Syria Redeploys Forces in Lebanon

Author: 
Agencies
Publication Date: 
Wed, 2004-09-22 03:00

BEIRUT, 22 September 2004 — Syria began redeploying around 3,000 troops from the outskirts of Beirut toward the eastern Syrian-Lebanese border yesterday.

Lebanese sources said once completed, the two-stage redeployment would leave Syria’s troops concentrated in a smaller area of Lebanon and largely restrict them to the strategic eastern Bekaa Valley near the border.
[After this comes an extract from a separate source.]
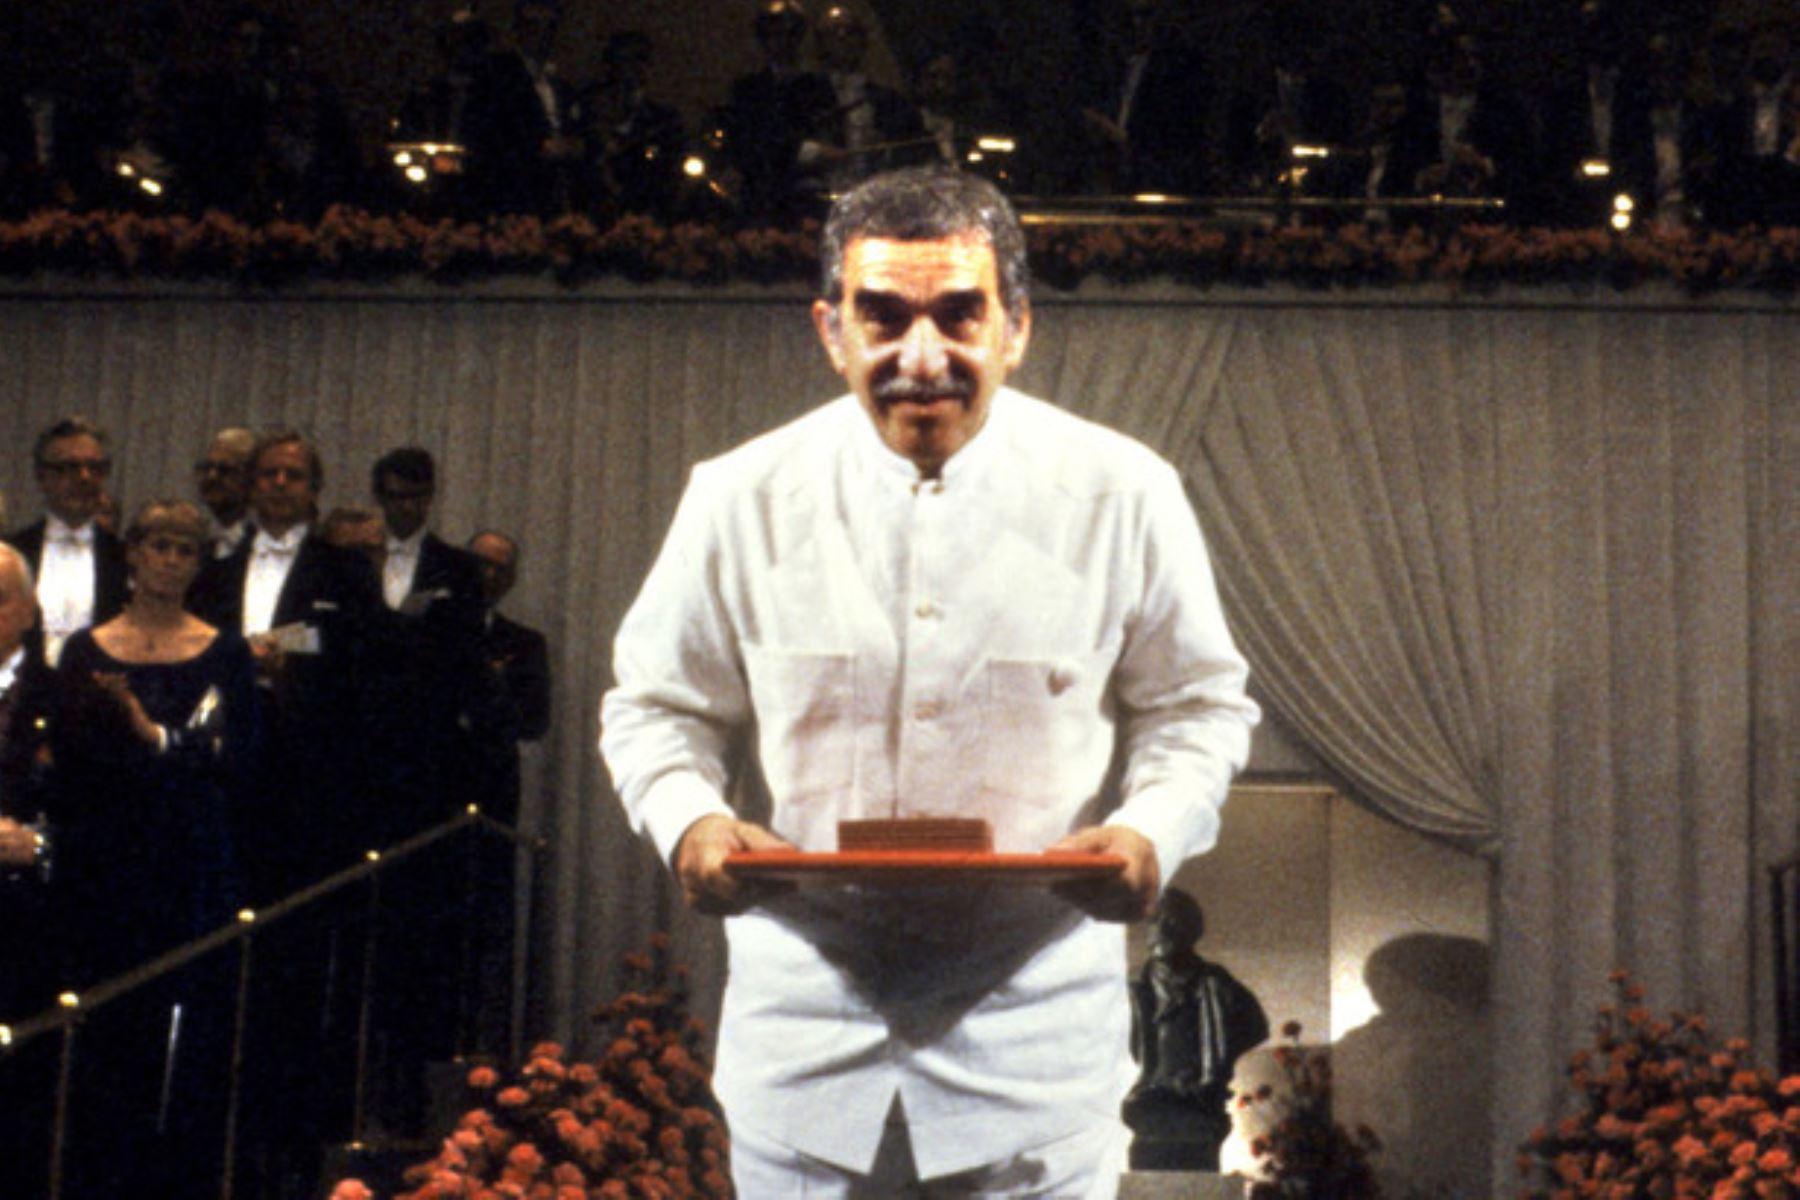 La guayabera se convirtió en una de las icónicas prendas de vestir caribeñas desde que fuera popularizada por Gabriel García Márquez. El escritor colombiano lució ese tipo de camisa cuando recibió el Premio Nobel de Literatura, en 1982. (Foto: AFP)

A military officer said Syrian soldiers had begun evacuating hilltop positions in the coastal towns of Aramoun, Chuweifat, Damour, Doha and Khaldeh, south of Beirut.

The redeployment followed mounting US-led international pressure on Syria to withdraw its 17,000 troops from Lebanon and stop interfering in its neighbor’s internal affairs.

It was not immediately clear how many Syrian troops would remain in the Bekaa Valley and whether others would return home but security sources said around 3,000 soldiers would be relocating from positions around the capital.

Lebanese and Syrian officials have recently said that any redeployment would be the latest in a series of similar moves that almost halved the number of Syrian forces in Lebanon.

Lebanese President Emile Lahoud said the redeployment, the fourth in recent years, was in line with the 1989 Taif Accord which ended the Lebanese 1975-90 civil war. “It aims at consolidating stability and security in Lebanon,” he said after talks with Syria’s Defense Minister Hasan Turkmani and top officers.

Defense Minister Mahmoud Hammoud, emerging from a meeting of senior Lebanese and Syrian military officers in Beirut, said the redeployment indicated “the security situation in Lebanon is becoming more stabilized.”